ECB Sintra forum puts AI and growth at centre stage
The ECB opens its annual Sintra forum on Monday, with AI, productivity and Europe’s growth gap high on the agenda for central bankers and markets.
The European Central Bank (ECB) opens its annual forum in Sintra on Monday, bringing together top central bankers, economists and academics for three days of debate on how Europe can lift growth, with artificial intelligence (AI) high on the agenda. The gathering comes just weeks after the ECB raised interest rates again and could offer fresh signals on the euro zone policy outlook.
ECB President Christine Lagarde will open the 13th edition of the event, which runs until Wednesday and focuses on innovation, growth and stability. The programme includes academic papers on Europe’s productivity gap with the US, the costs and benefits of regulatory complexity for financial stability, and the economic impact of immigration across OECD countries.
One paper by Bart Van Ark argues that more than 80% of the productivity growth gap between the euro zone and the US reflects weaker performance within European industries rather than differences in economic structure, with the digital sector accounting for more than a third of the gap.

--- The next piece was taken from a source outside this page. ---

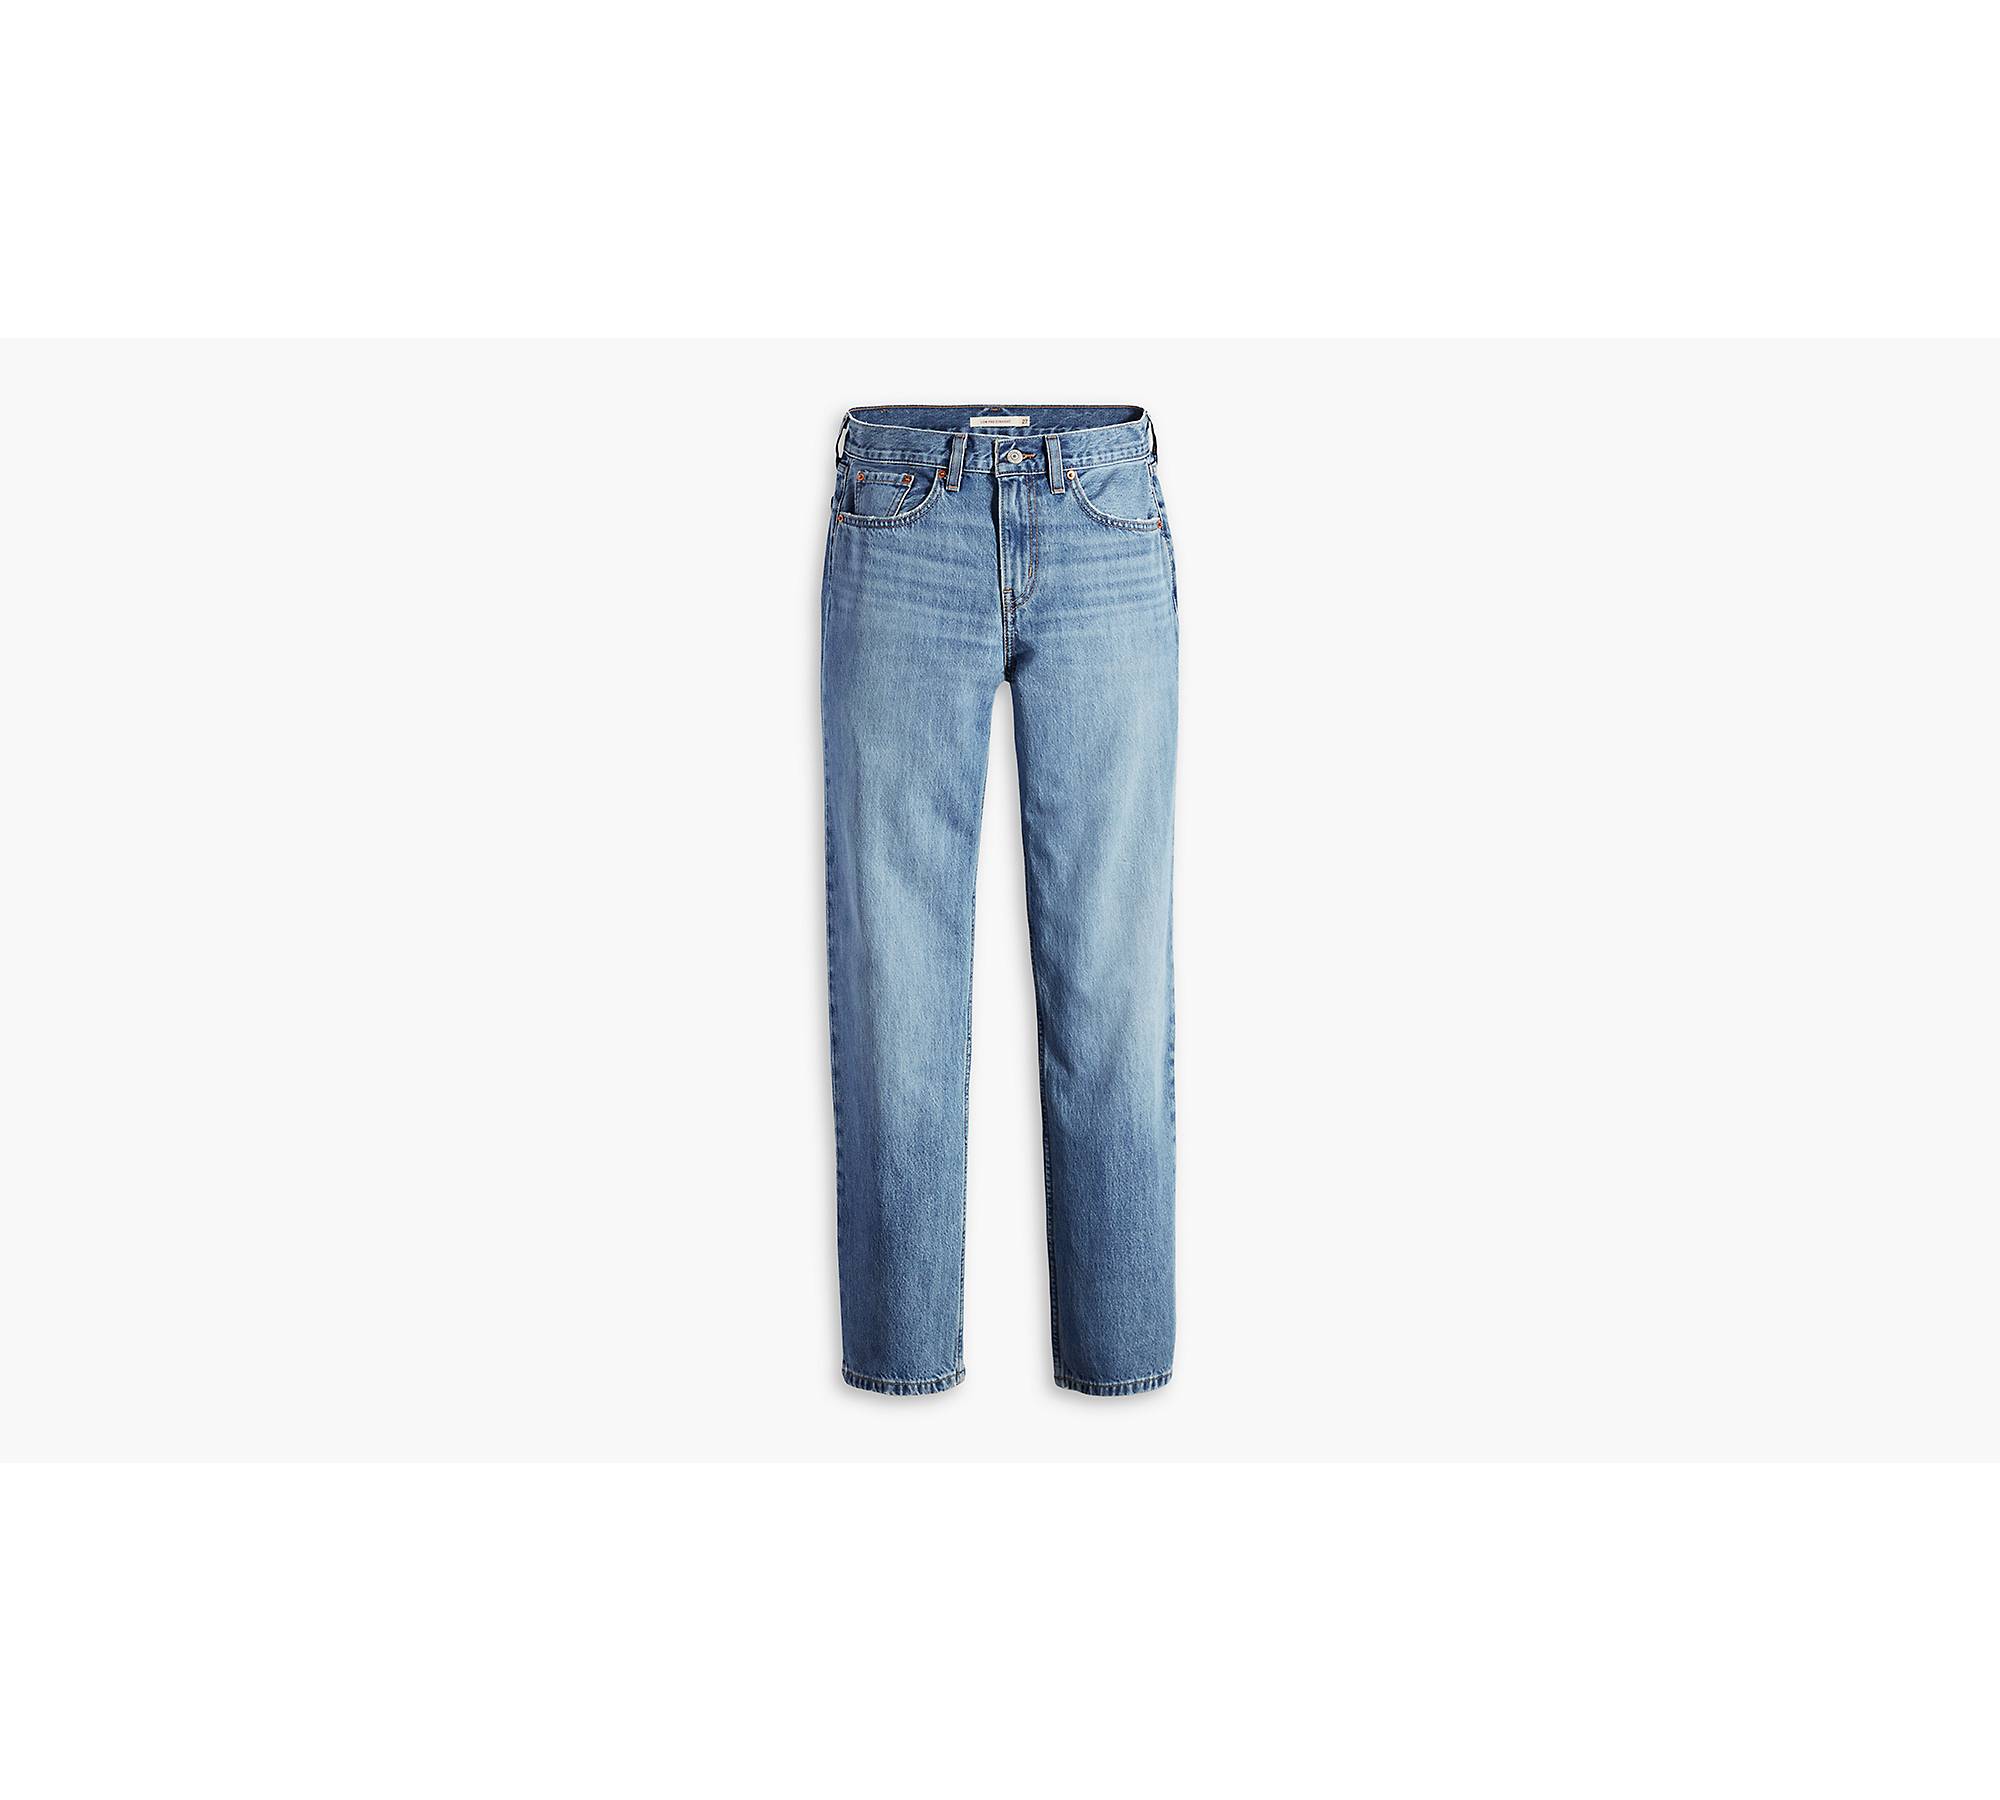 Jeans Levis Mujer Importados

Another study says post-crisis regulation has become more effective because it is more complex, while warning that complexity without sufficient rigour can hurt banks without improving financial stability.
AI will run through much of this year’s forum, including a panel with officials from the IMF, Bank of England and Apollo Global Management, as well as a discussion between OpenAI chief economist Aaron Chatterji and ECB Executive Board member Philip Lane. The final day will also cover Europe’s place in global trade and tokenisation.
The most closely watched event is likely to be the policy panel with Lagarde, Bank of England Governor Andrew Bailey, Bank of Canada Governor Tiff Macklem and Federal Reserve Chair Kevin Warsh. It will be Warsh’s first appearance at the ECB’s Sintra forum since taking over from Jerome Powell, making his remarks a key focus for markets watching the relationship between the world’s main monetary blocs.